◆ Task to carry out:
Leaving the pictures aside, repeat every line below exactly.

◆ Information shown:
************

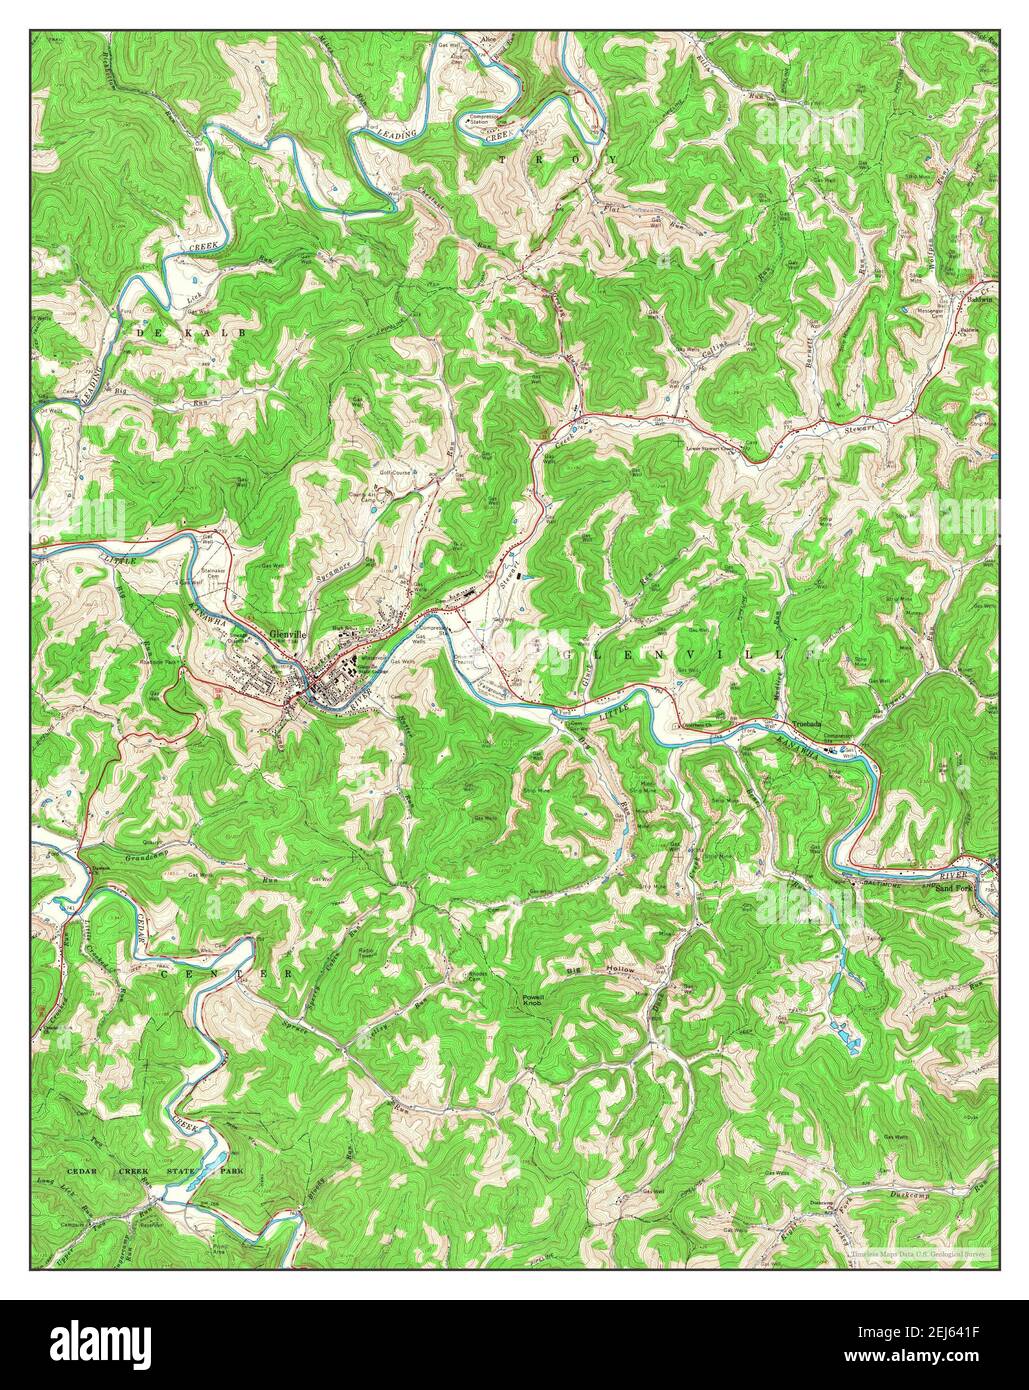 Glenville, West Virginia, map 1965, 1:24000, United States of America by Timeless Maps, data U.S. Geological Survey Stock Photo
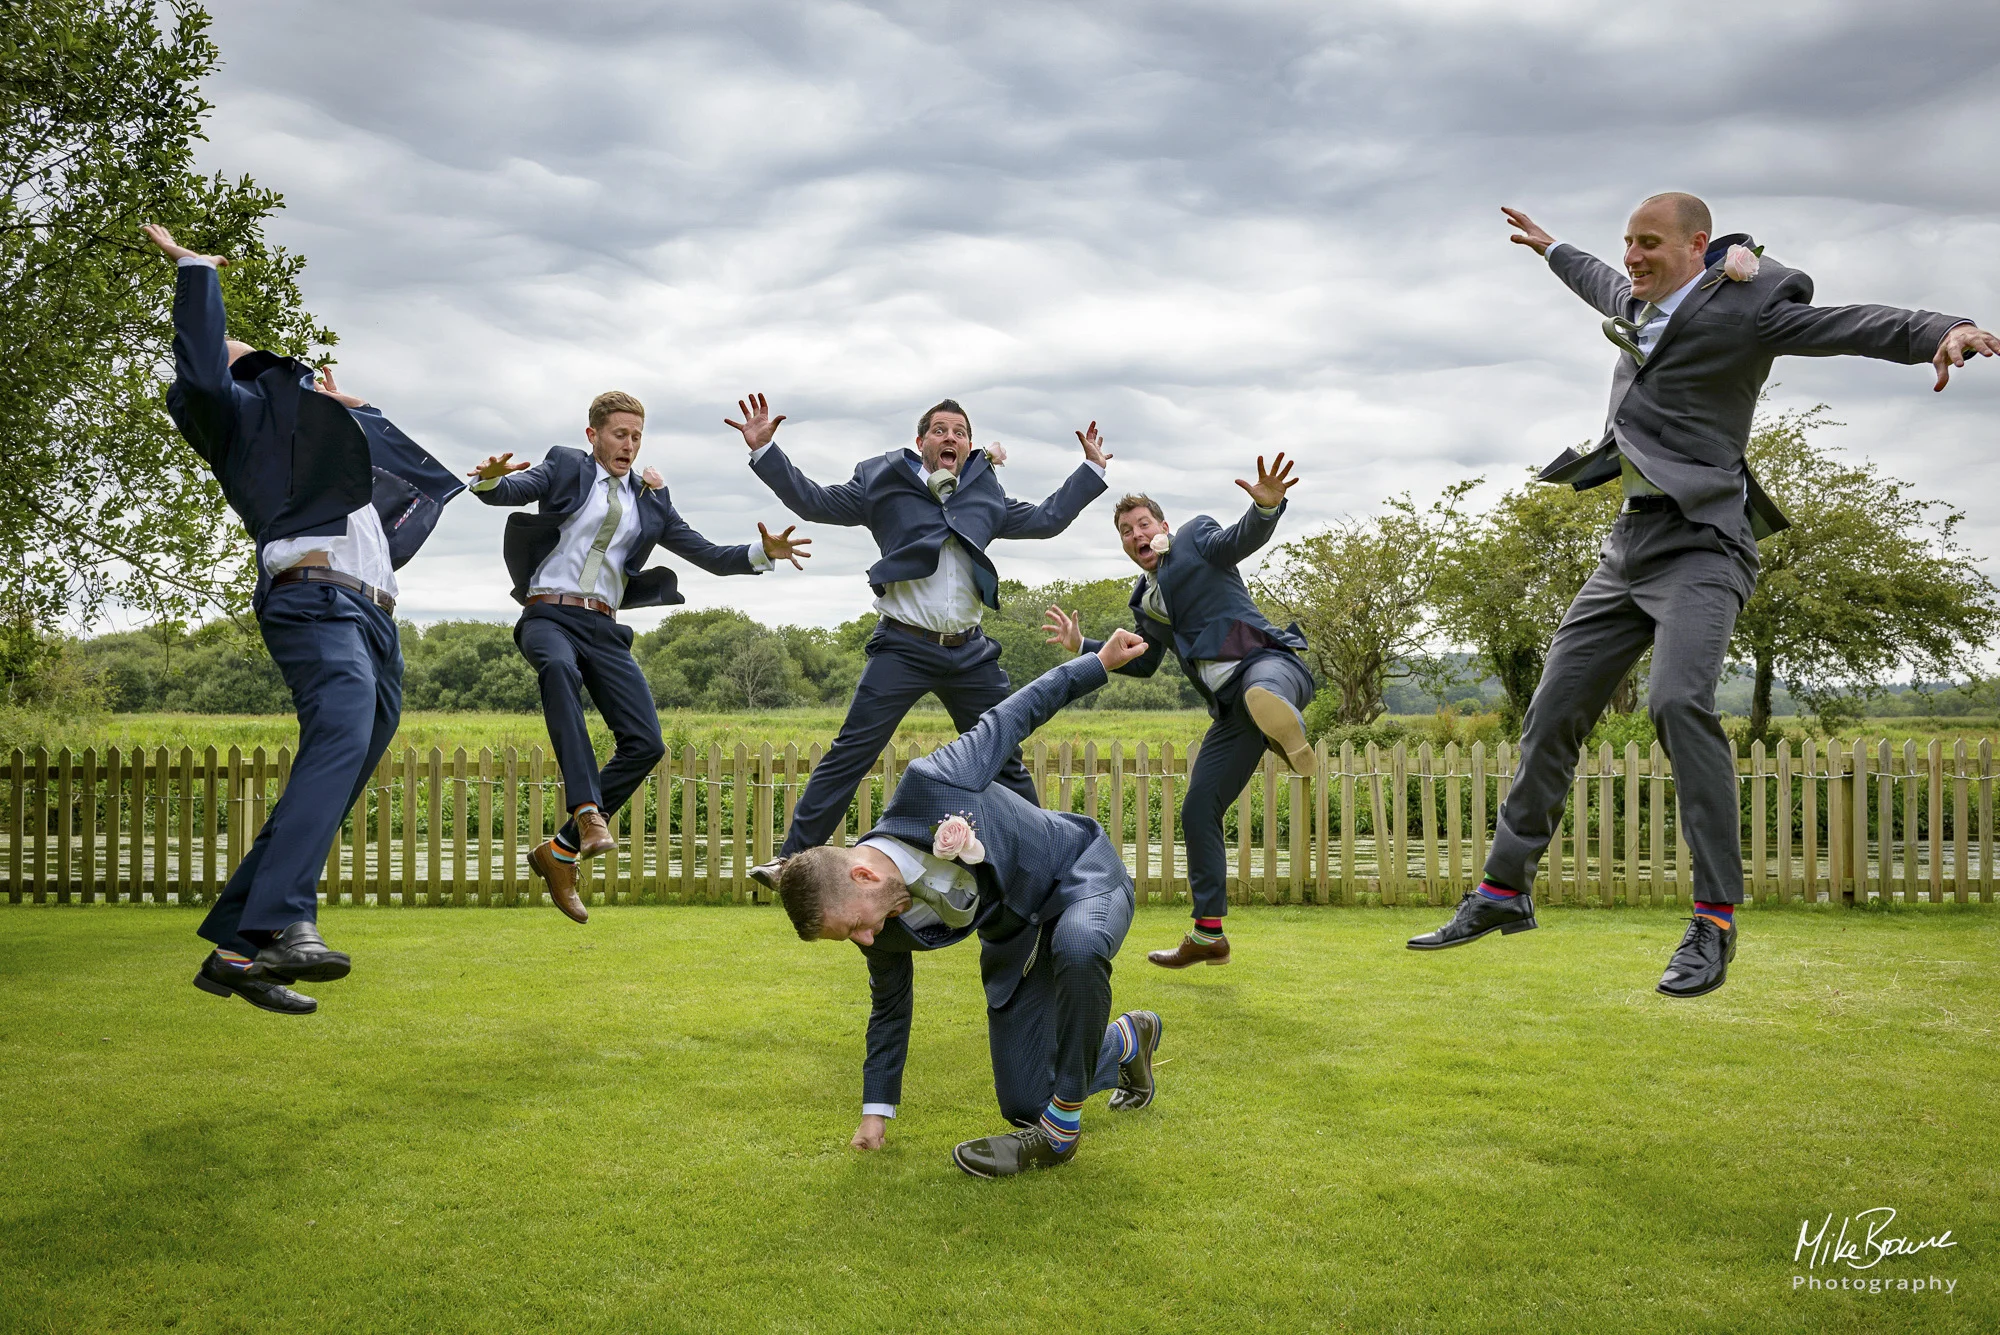 Grooms men leaping into the air at a wedding
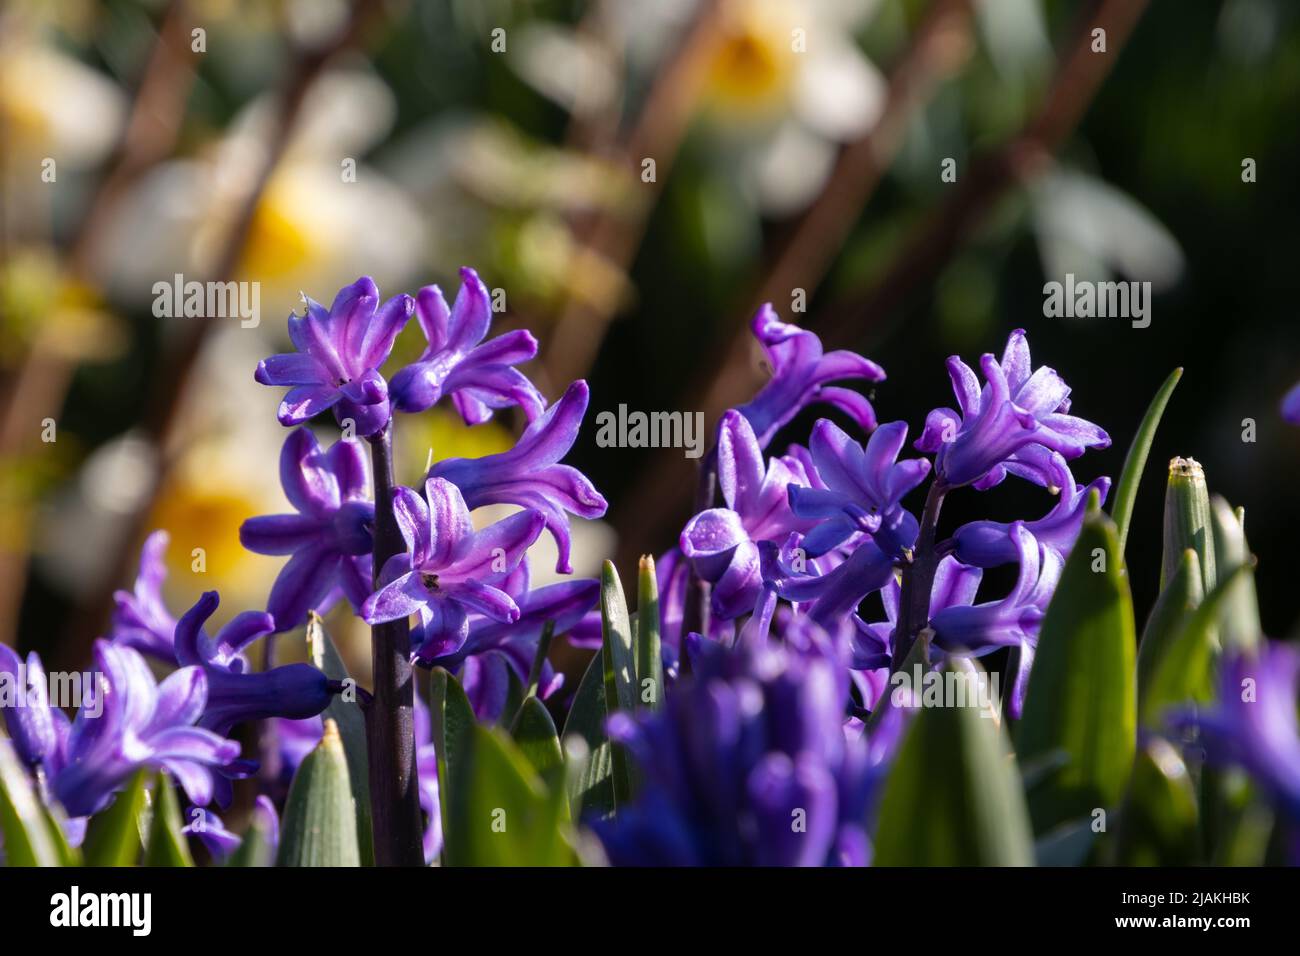 Purple blossoms of a hyacinth, also called Hyacinthus orientalis or Gartenhyazinthe Stock Photo

************

◆ Answer for this exercise:
 Glenville, West Virginia, map 1965, 1:24000, United States of America by Timeless Maps, data U.S. Geological Survey Stock Photo
 Grooms men leaping into the air at a wedding
 Purple blossoms of a hyacinth, also called Hyacinthus orientalis or Gartenhyazinthe Stock Photo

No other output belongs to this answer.